=== GIVEN MATERIAL ===
----------

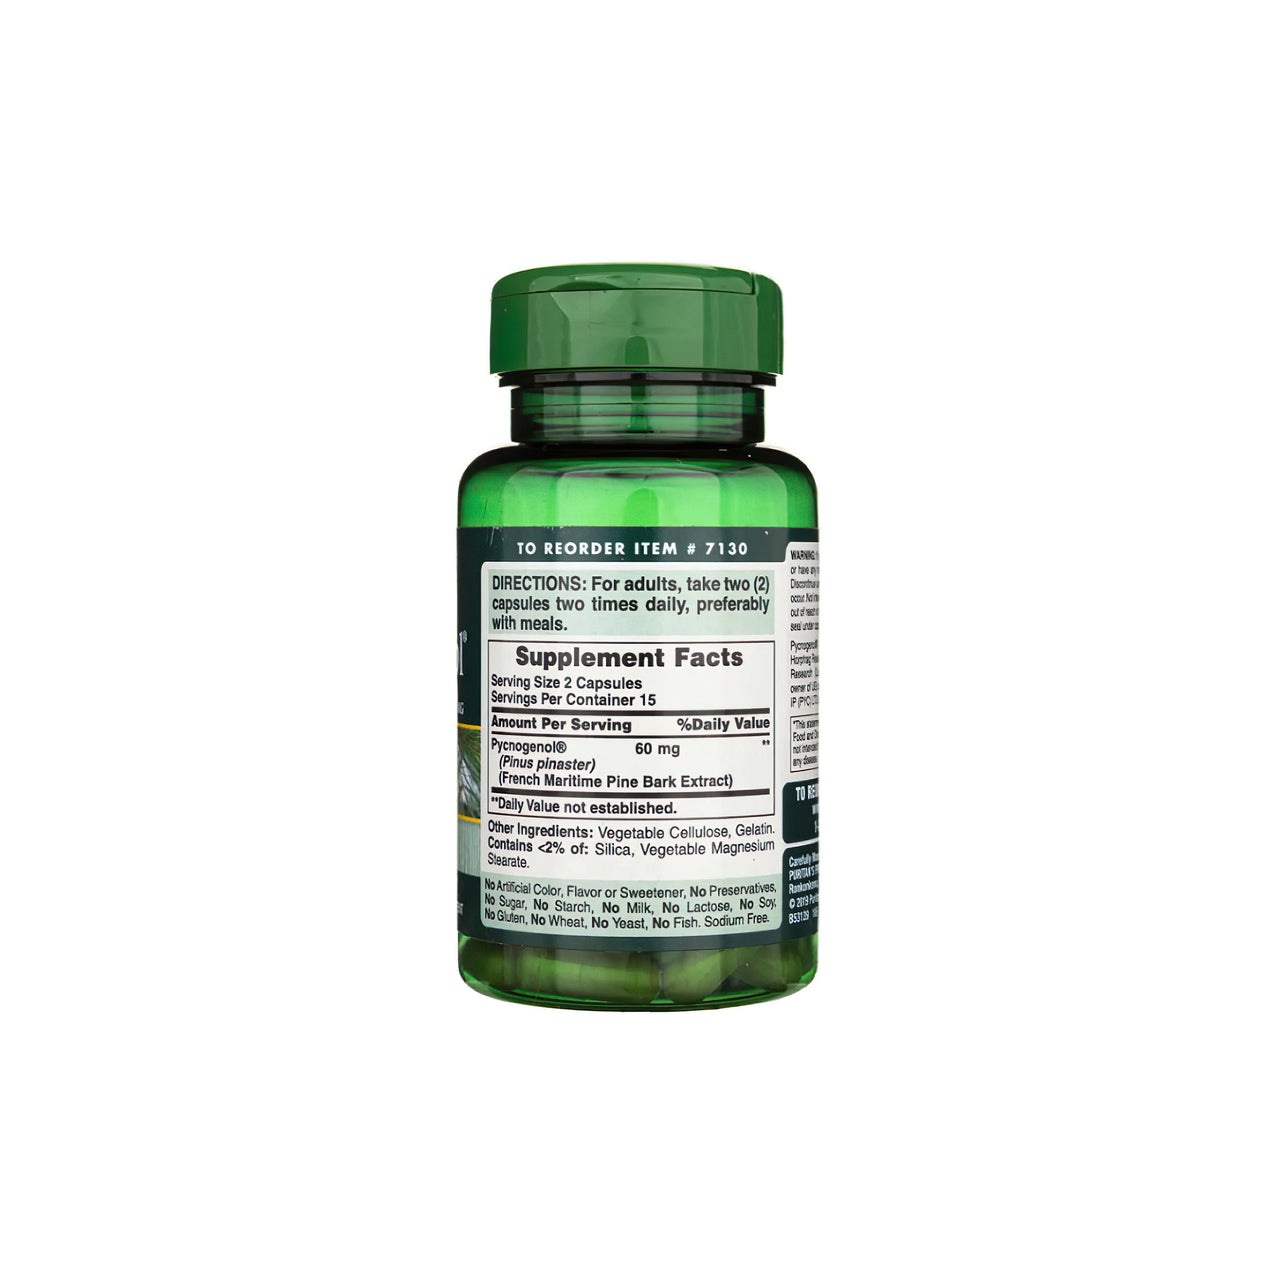 Um frasco de Pycnogenol 30 mg 30 Rapid Release Capsules da Puritan's Pride com proantocianetos de flavonóides.
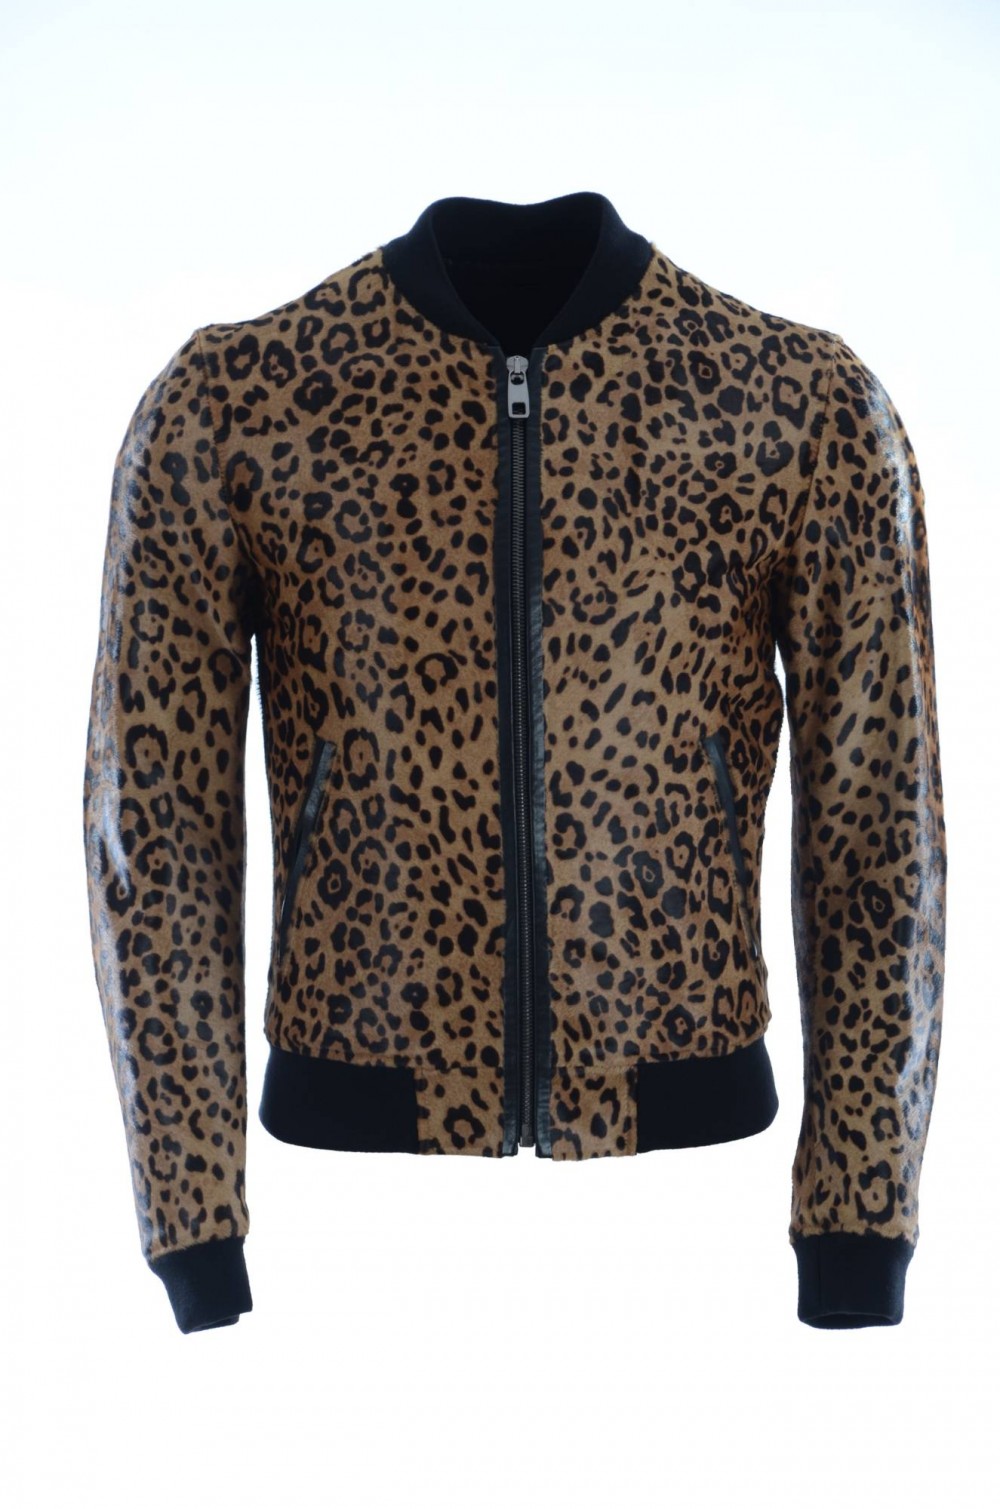 Aprender acerca 50+ imagen dolce and gabbana leopard print jacket ...
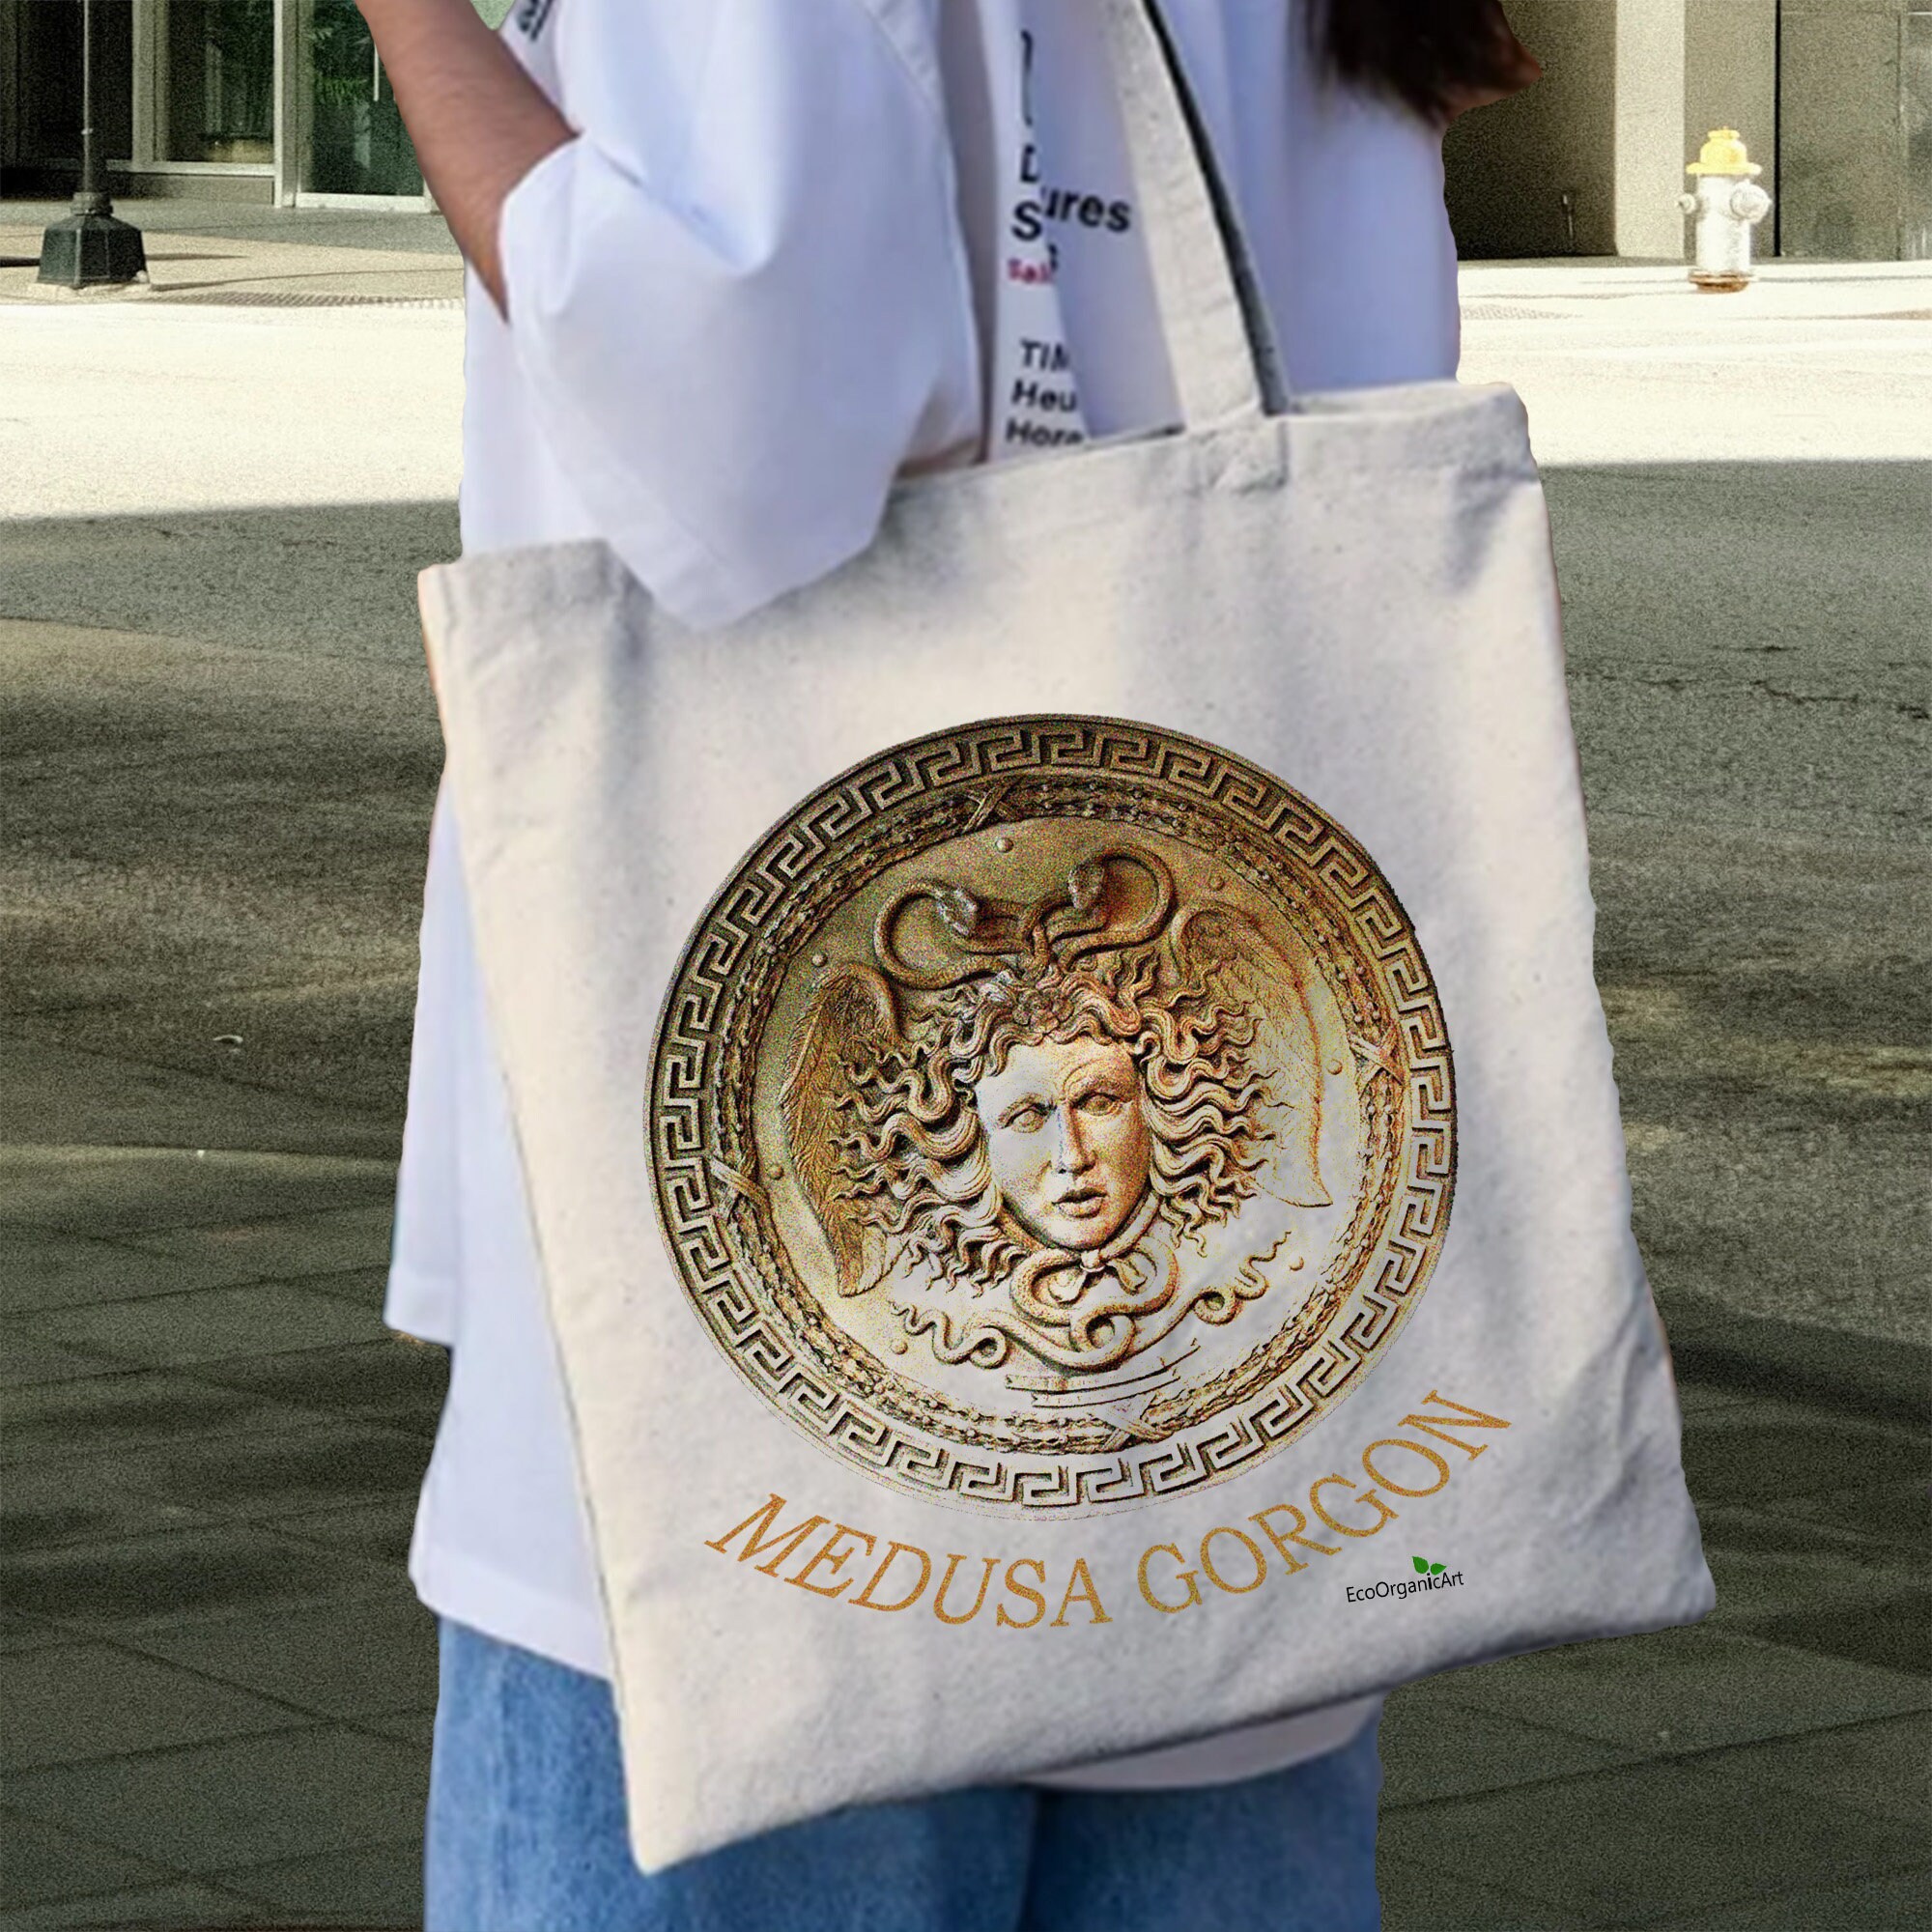 Versace La Medusa Large Cotton-blend Tote Bag in Natural

----------

=== GOAL OF THE EXERCISE ===
Write out again every line above exactly as given; the pictures do not belong in the copy.

=== ANSWER TO THE EXERCISE ===
 Um frasco de Pycnogenol 30 mg 30 Rapid Release Capsules da Puritan's Pride com proantocianetos de flavonóides.
 Aprender acerca 50+ imagen dolce and gabbana leopard print jacket ...
 Versace La Medusa Large Cotton-blend Tote Bag in Natural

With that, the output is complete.